There are many events happening when multiple banks end up in providing excess finance to the borrowers, due to lack of co-ordination amongst themselves. This can be avoided by using the blockchain technology when all the banks in multiple, consortium banking are informed of any finance given to the borrower. This can also be providing vital information of the realization record of the exporter’s dues across banks.
Monitoring the operations on the account, while ensuring it is within the norms set by the statutory authority.
This process includes monitoring the transactions on the account, receipt of stock statements and drawing the inferences on the operational efficiency of the borrower. In majority of the banks, it is a manual process where the operations on the account are monitored manually, leaving gap for human errors.

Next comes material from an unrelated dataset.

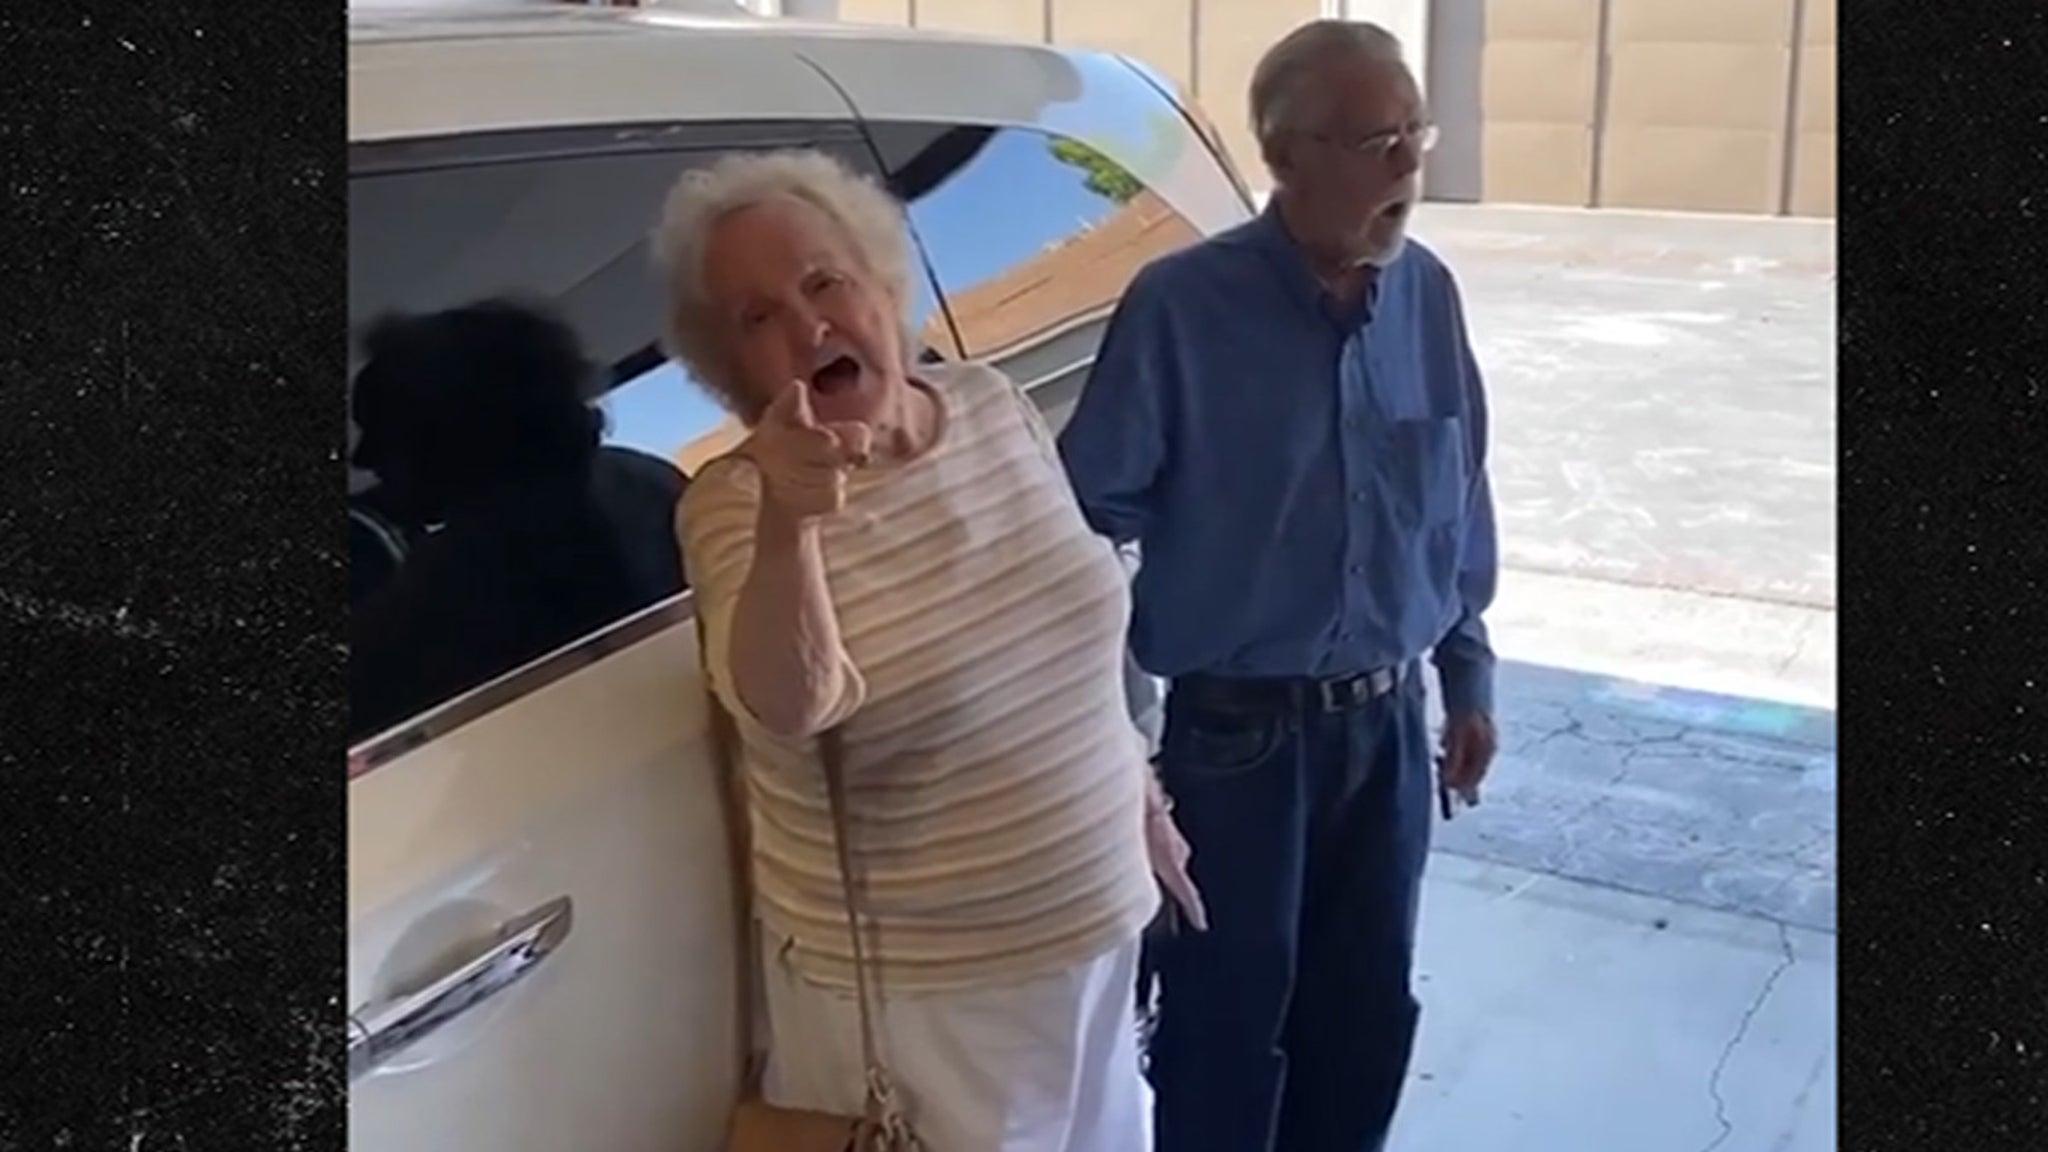 Elderly 'Karen' Freaks Out Over Kids Using Sidewalk Chalk, Drops Racist Comment
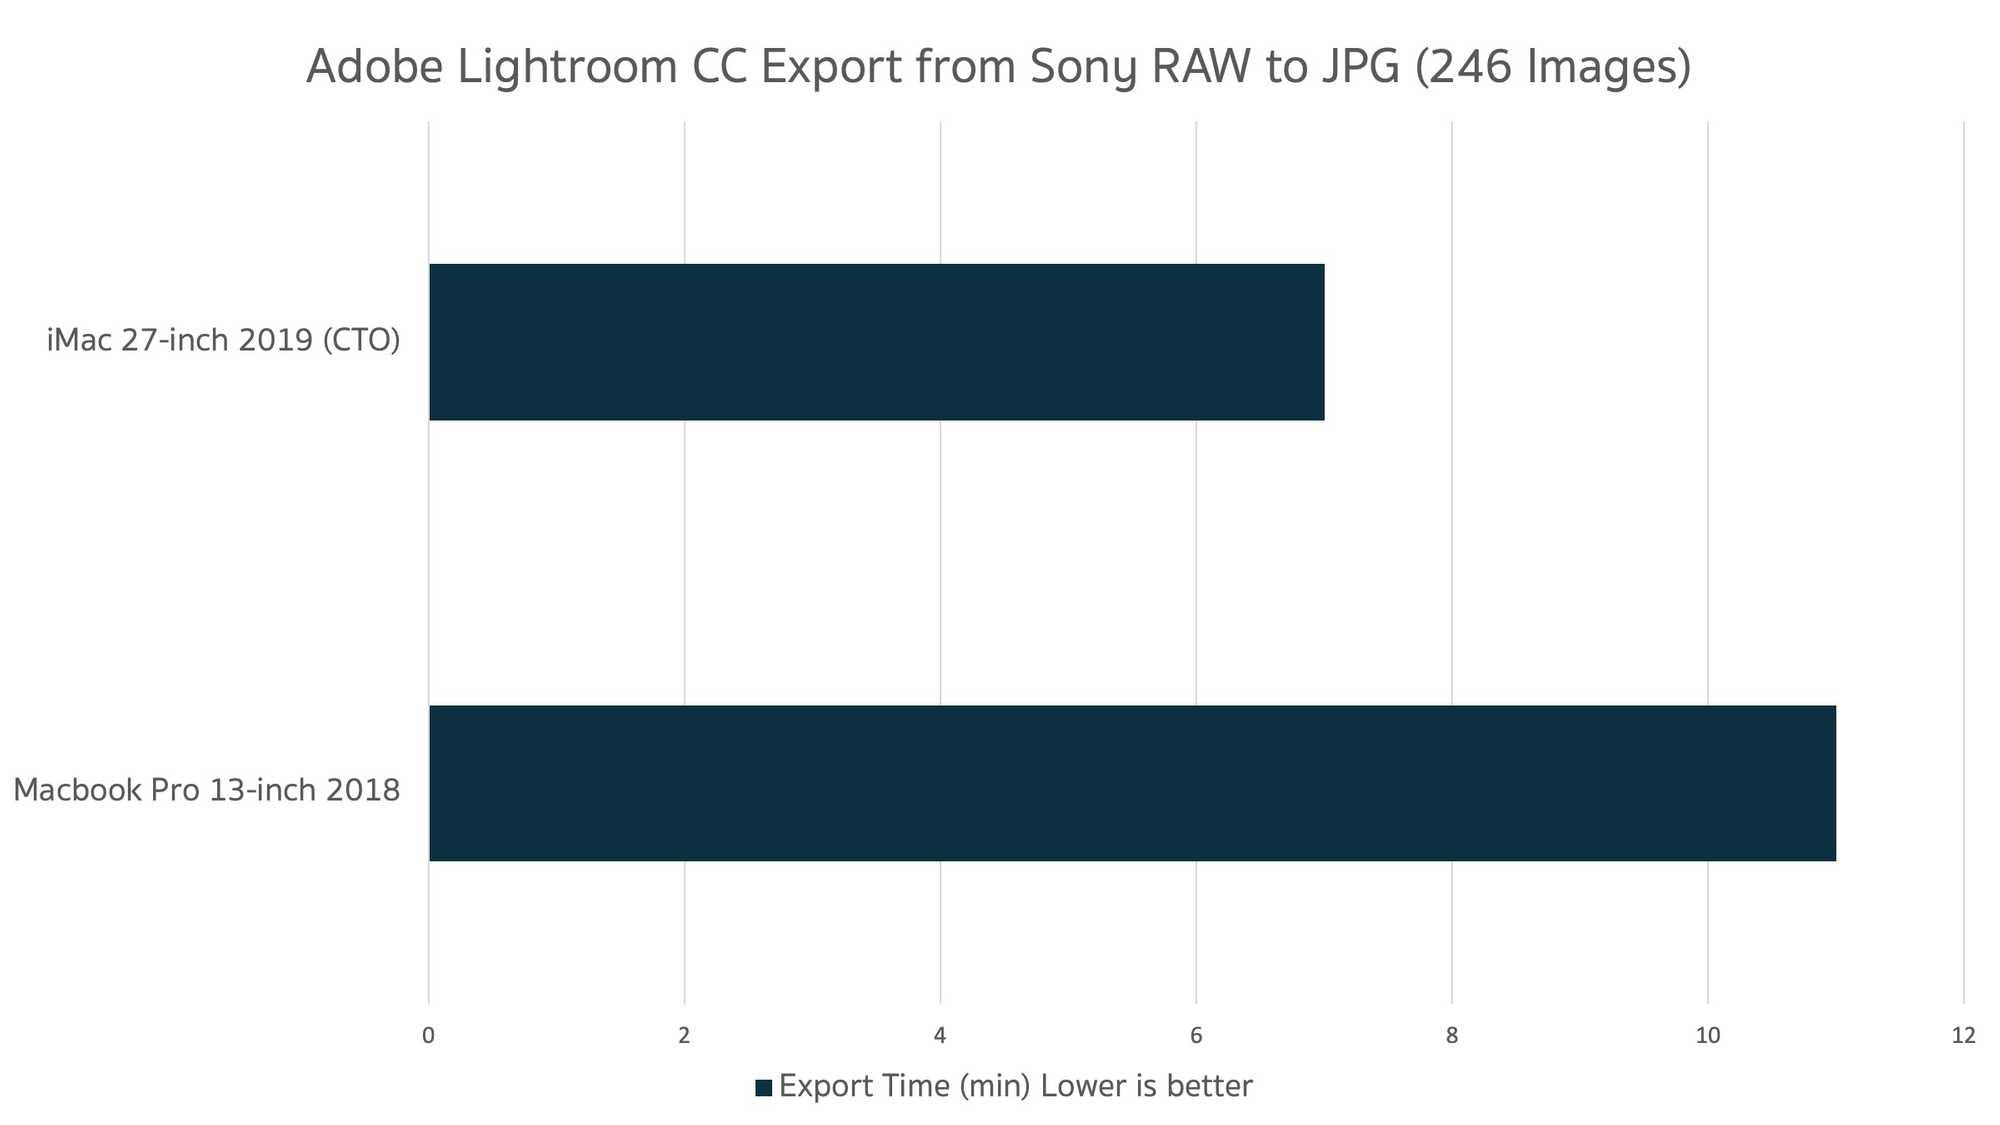 Compare Adobe Lightroom CC Export Time

Machine Learning (ML) and Robotics Processing Automation (RPA) could be the most effective technology solutions for reducing the operational risks. Through ML, the system can identify the pattern of the borrower’s operational efficiency using stock levels, realization records, client selection, and provide alerts. It can highlight the risks based on certain parameters like advance as to % of the export bill, availability of limits, whether the stock statements are received, if the importer / exporter or its country is not in the watch list, etc.
Also, with the help of the select key parameters like Industry, product, quantity, rate, consignee from the invoices, documents provided, etc. the system can see the pattern for trade finance for specific borrower or the industry. Using the Natural Language Processing (NLP), various operational processes can be automated in trade finance and corporate loan arena. This will reduce the cost of documents handling, while reducing the risks, and can bring in considerable reduction in time per transaction.
To conclude, any or many of the above technology solutions can help in mitigate the operational and credit risk present in corporate banking, or trade finance area of banking operations.